Trauma-Focused Cognitive Behavioral Therapy is a short term treatment model, comprised of eight specific treatment components that comprise the acronym “PPRACTICE” and includes Psychoeducation and Parenting skills; Relaxation; Affective expression and modulation; Cognitive coping; development and processing of a Trauma narrative; In vivo exposure; Conjoint sessions where the child shares their Trauma Narrative (TN) with a supportive caregiver; and strategies to Enhance future safety and development. TF-CBT has been evaluated in numerous randomized controlled trials and is among the most well-established and widely disseminated mental health treatments for children (Cary and McMillen 2012; Cohen et al. 2004, 2011; Deblinger et al. 2011, 2006).

Method

Participants

Individual thematic telephone interviews were conducted with a sample of 19 mental health professionals who successfully completed a 15 month TF-CBT Train-the-Trainer program led by the TF-CBT developers (Drs. Cohen, Deblinger, and Mannarino). Because of their extensive training activities, all trainers worked closely with front-line providers and had first-hand knowledge of challenges to delivery of TF-CBT with fidelity. They were therefore ideally positioned to provide valuable qualitative data about common barriers and challenges faced by community-based providers, as well as to provide insight into the potential value of technology-based resources designed to improve quality of care.

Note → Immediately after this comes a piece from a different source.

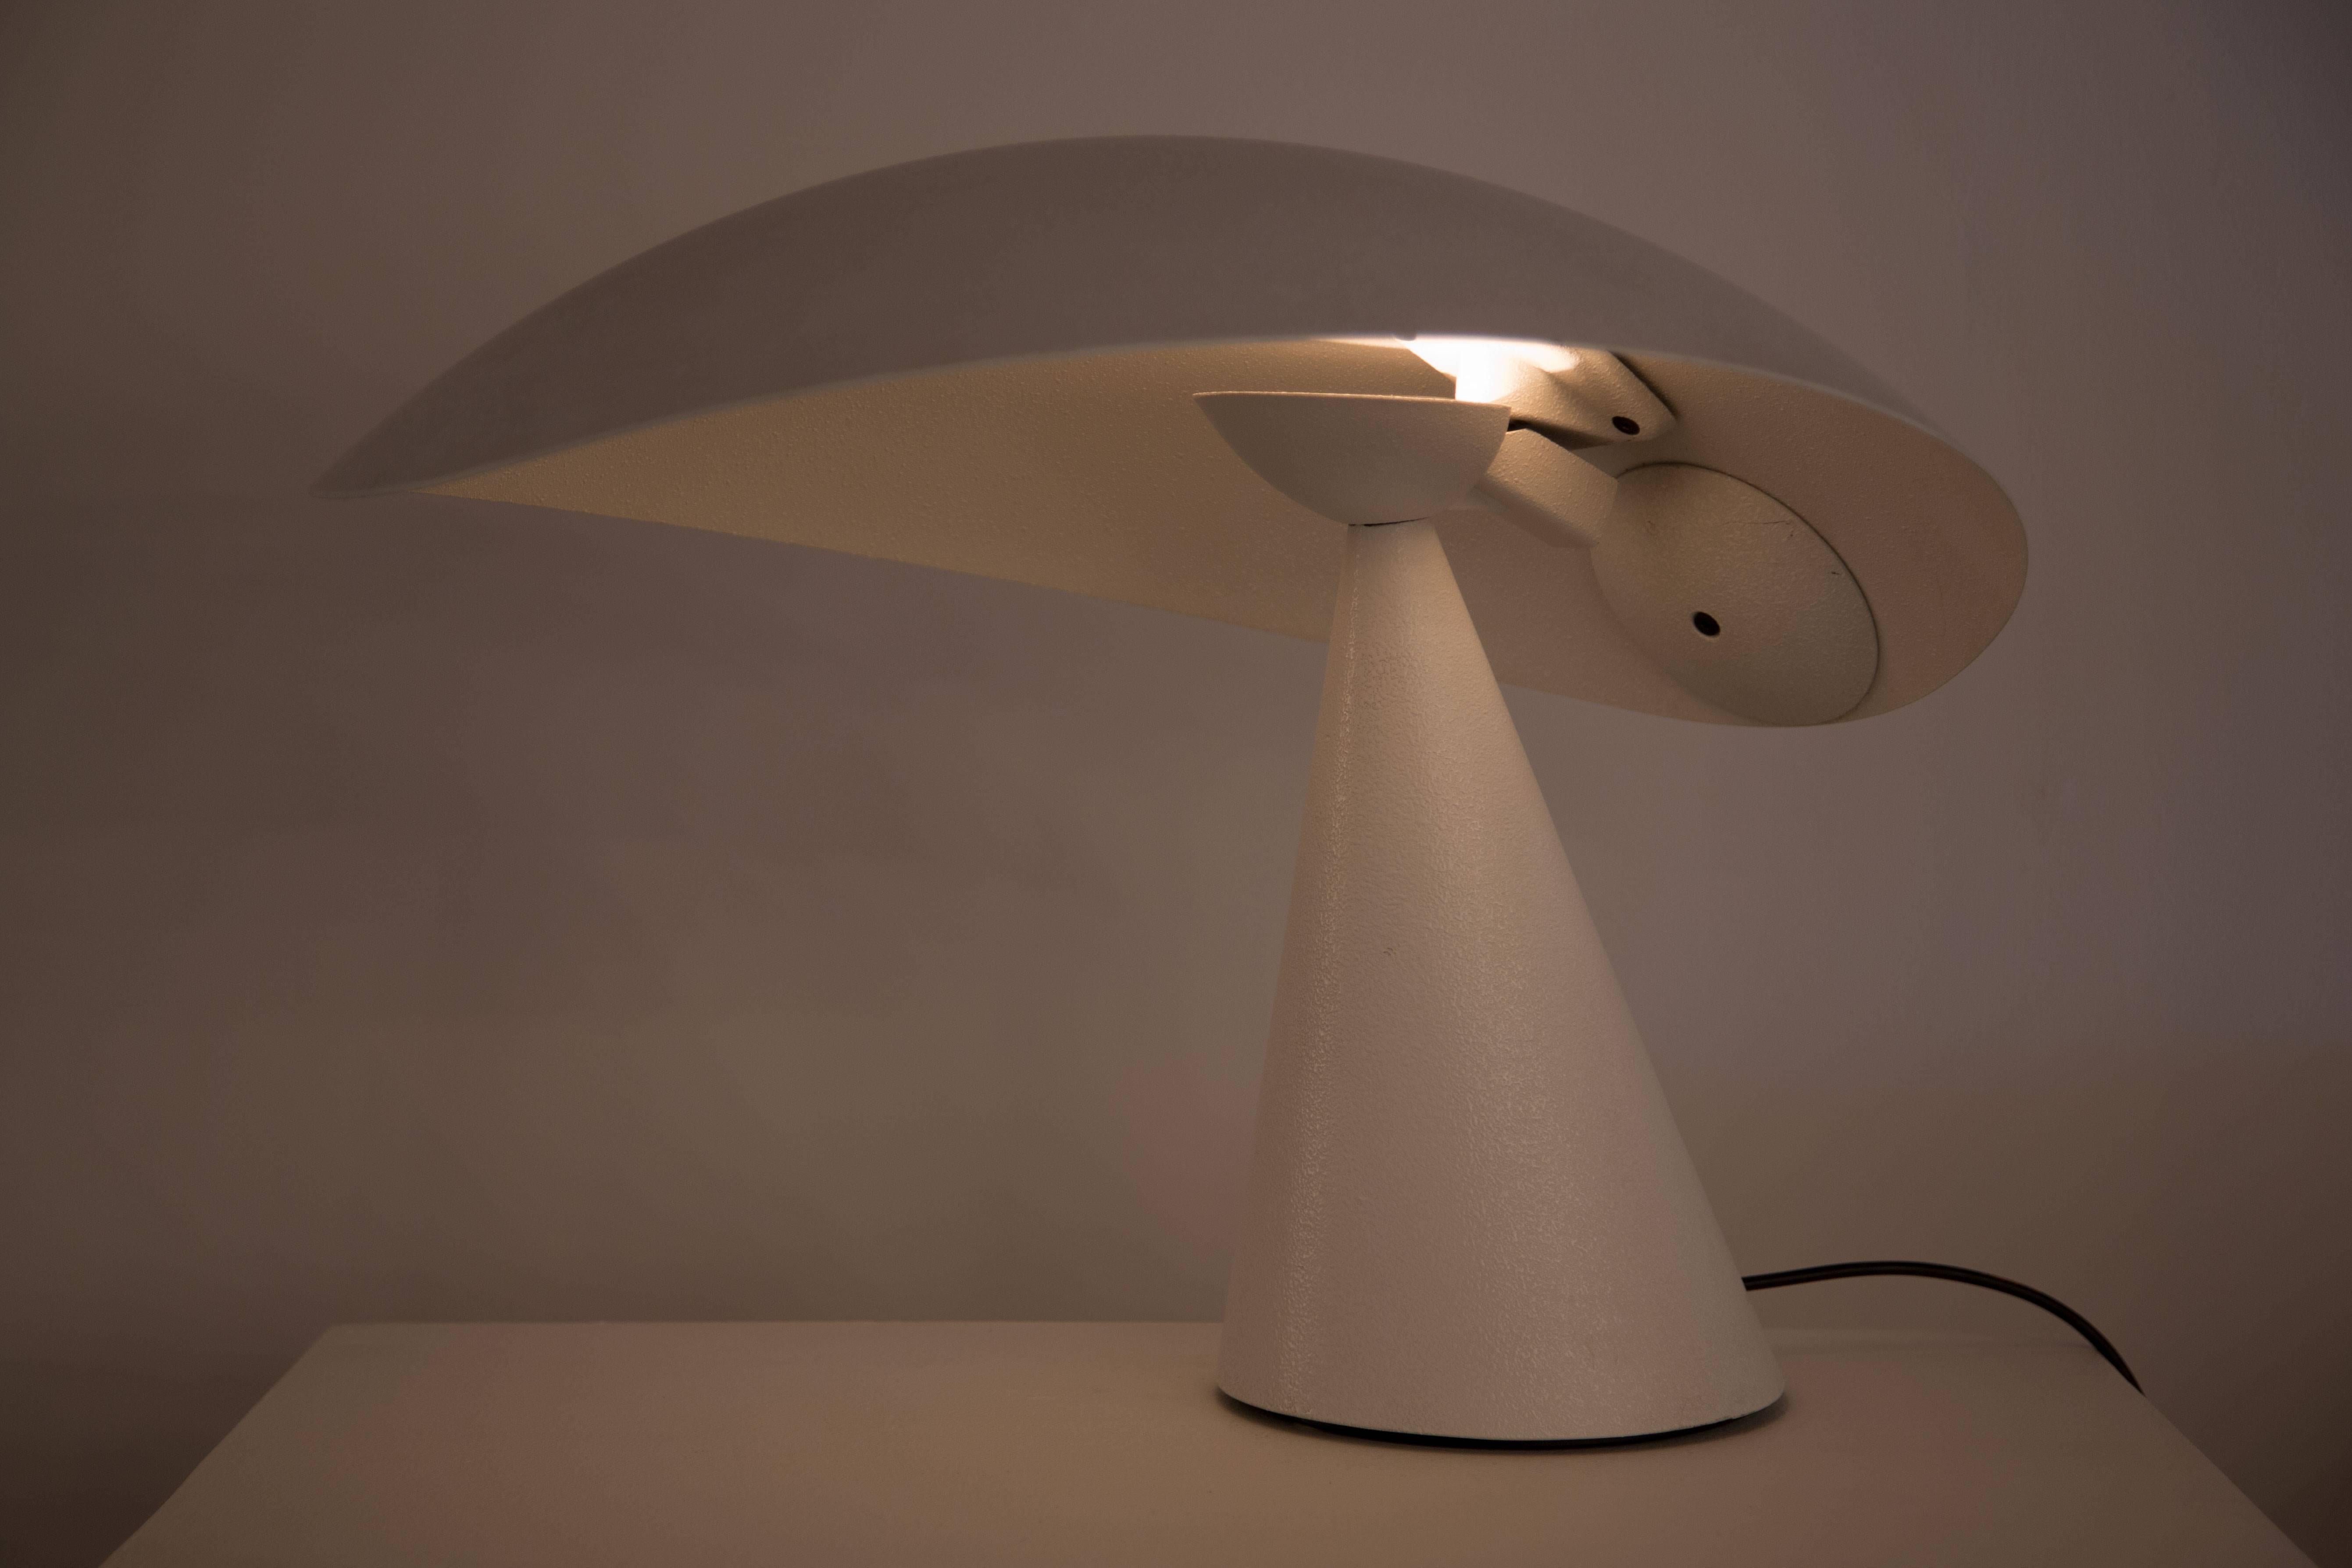 Table lamp with white enameled metal structure and large curved articulating shade retains original label. Dimmer switch with two settings.

Collectively, the 19 professional trainers in our sample had been TF-CBT trainers for at least 3 years (M = 5.8, SD = 1.8), had at least 8 years of experience treating children (M = 17.1, SD = 5.2), and trained over 5,000 providers during the past year alone (M = 293.7, SD = 190.7). Most of the trainers (89 %) engaged in multi-component training activities that included in-person workshops and monthly or bi-monthly consultation calls with participating providers. Trainers were from all regions of the U.S.; most were women (83 %) and non-Hispanic White (81 %). The sample was evenly distributed between master’s- and doctoral-level degrees; all were licensed mental health professionals.

Interview

The telephone interview consisted of two major sections: a brief section on interviewee demographics and experience (approximately 5 min), followed by a thematic interview assessing trainers’ perceptions about challenges experienced by providers when delivering TF-CBT (approximately 30 min). The thematic interview was semi-structured and addressed several issues relevant to implementation of TF-CBT with fidelity. First, trainers were asked specifically about TF-CBT components that they believed were most challenging for providers to deliver with a high degree of fidelity and competence. Follow up probes asked the trainers for their perceptions about why these specific components were difficult for providers. Second, trainers were asked which TF-CBT components they thought were the most difficult to engage children or caregivers. Follow-up probes inquired about the trainers’ perceptions on why these components were challenging for engagement. After these issues were addressed, trainers were asked an additional series of questions about what they perceived as the potential values and roadblocks associated with using technology-based resources to enhance provider fidelity and competence and patient engagement. This was described to them as follows:

One of the goals of our project is to develop technology-based tools to help providers deliver a high quality of care and keep families actively engaged in TF-CBT components, particularly those that are known to be the most challenging to deliver. The tools would be available on a tablet such as an iPad, and would include things such as interactive educational games, a trauma narrative writing tool, and video demonstrations to show caregivers specific behavior management skills.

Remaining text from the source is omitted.